▶ _WORK TO BE COMPLETED_
Reproduce word for word every line from the one containing "8-9 anni di" through the end of the listing below; omit the pictures.

SUPPLIED INFORMATION: Begin

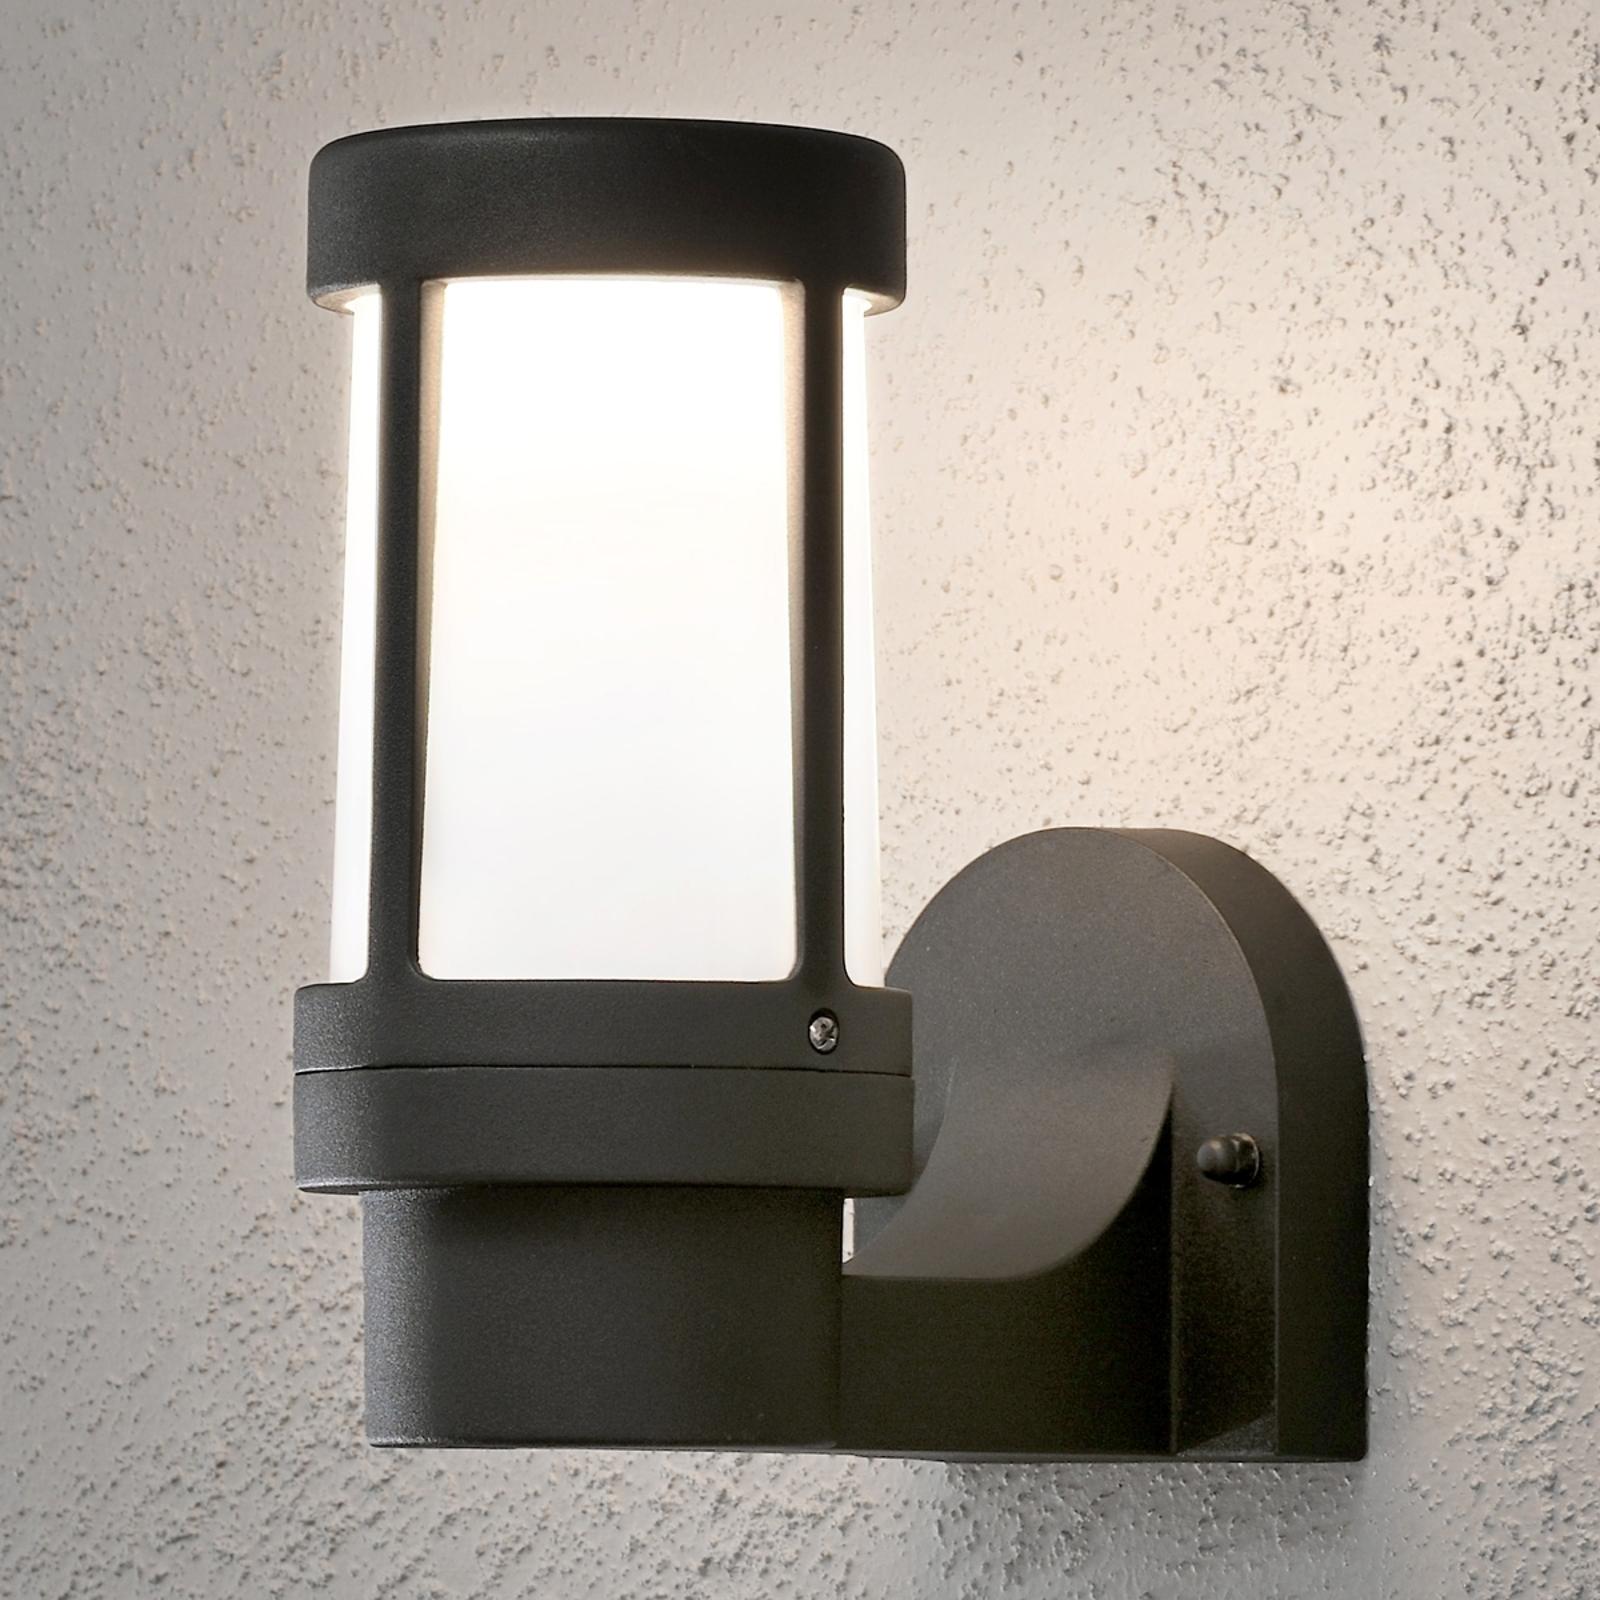 Modna zewnętrzna lampa ścienna Siena, czarna
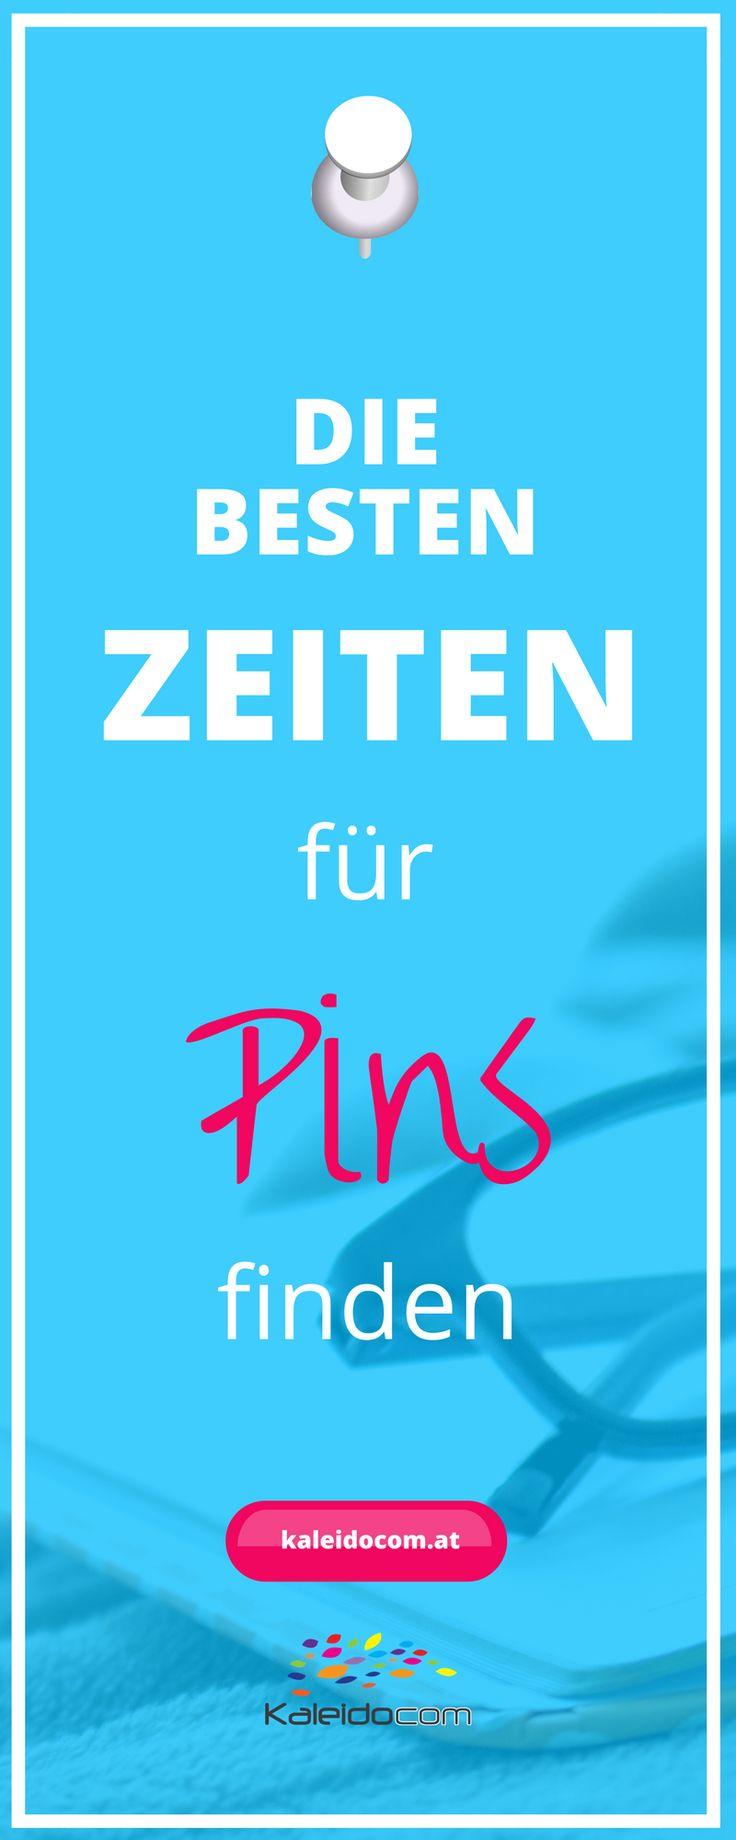 Gibt es die besten Zeiten für Pins auf Pinterest? Erfahre hier, welche Uhrzeit für Pins gut geeignet ist. #pinteresttipp #pinterestmarketing
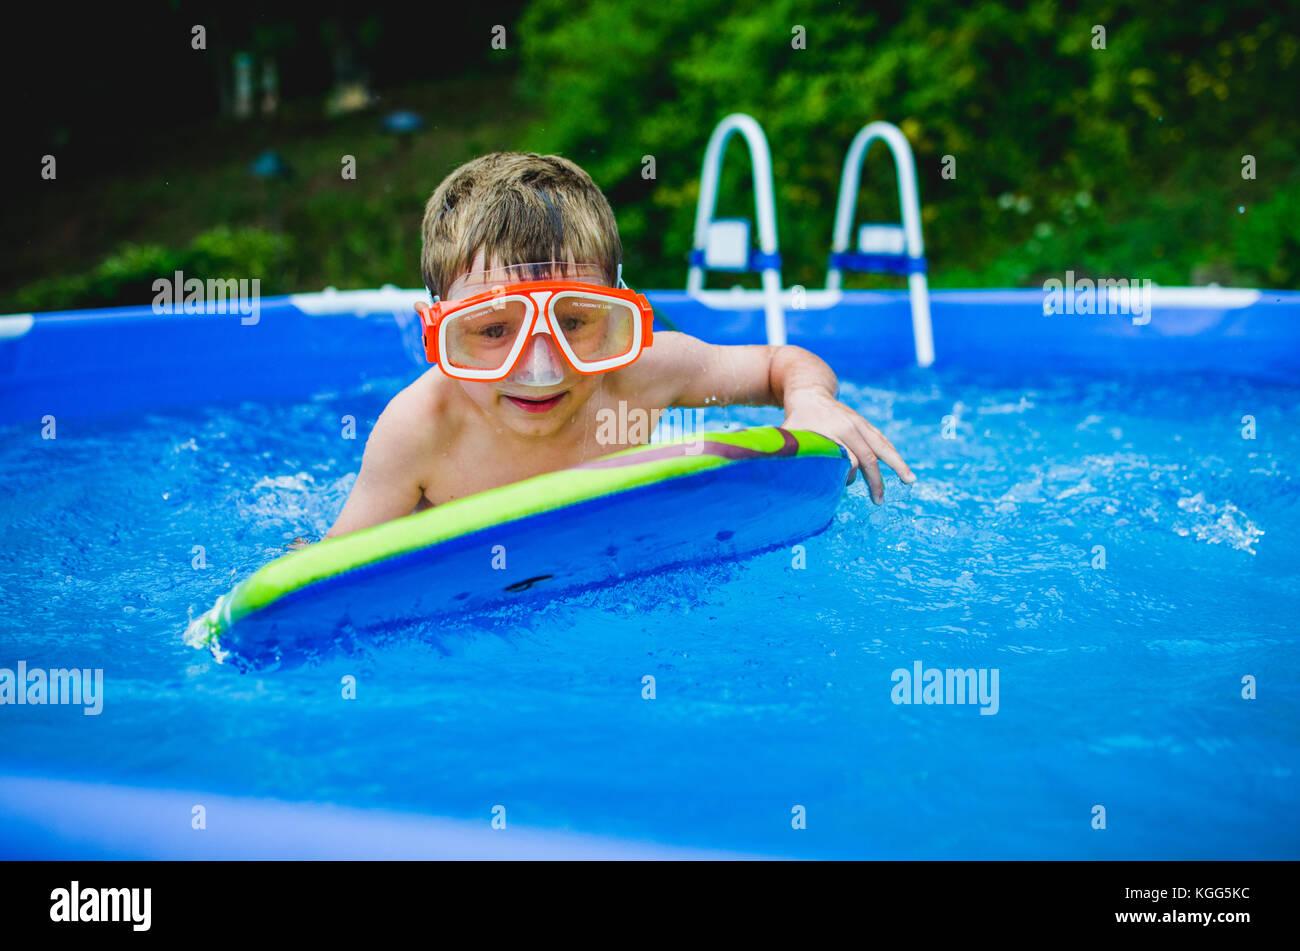 8-9 anni di giocare su un boogie board in una piscina in estate. Immagini Stock
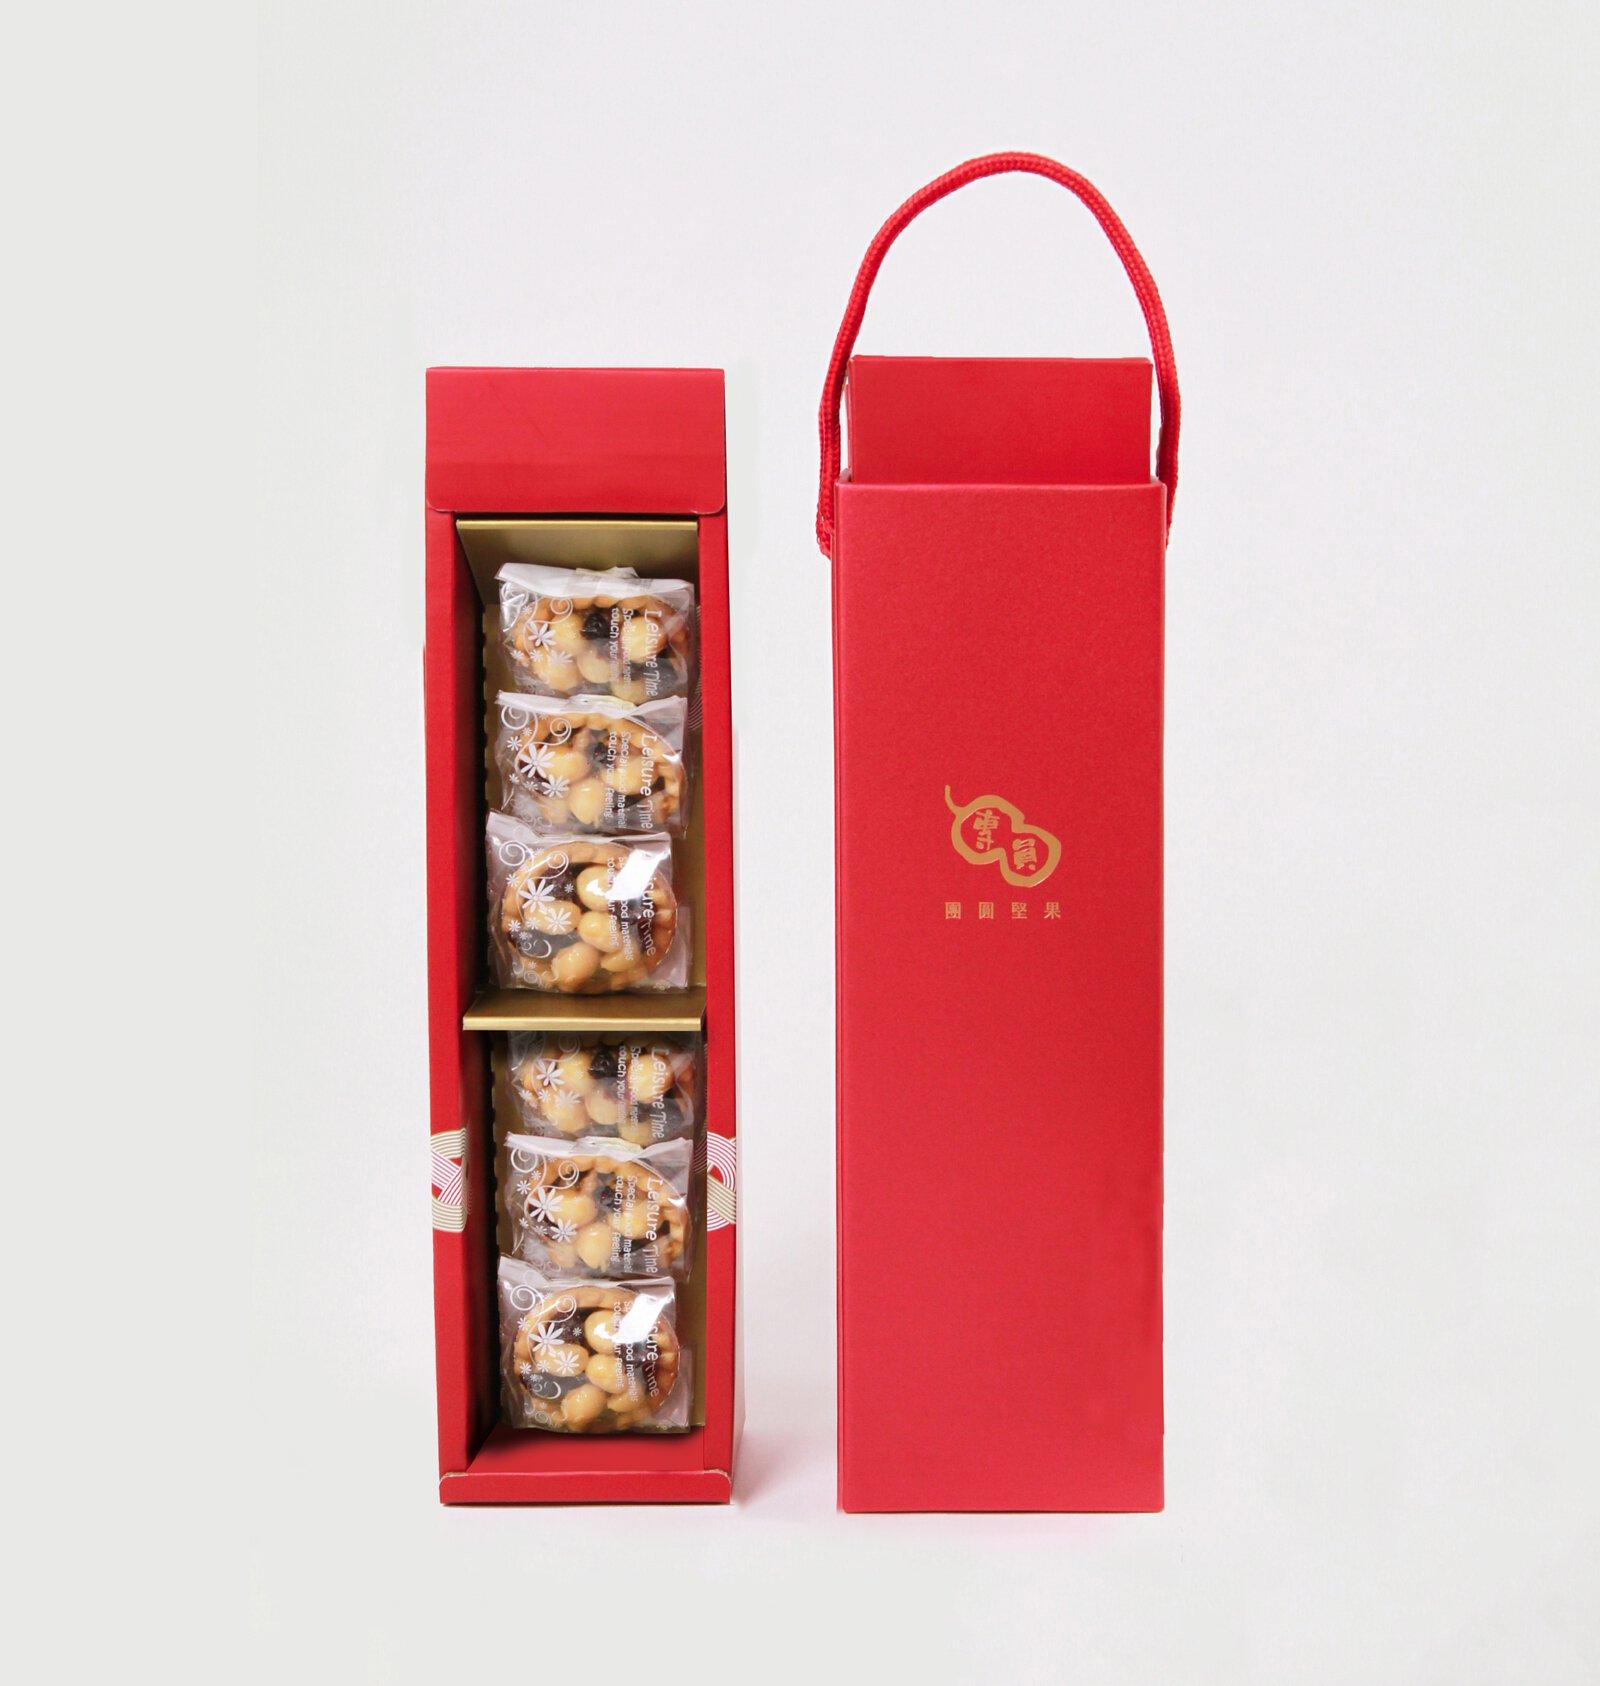 堅果塔禮盒

SUPPLIED INFORMATION: End

▶ _ANSWER FOR THE TASK_
 8-9 anni di giocare su un boogie board in una piscina in estate. Immagini Stock
 堅果塔禮盒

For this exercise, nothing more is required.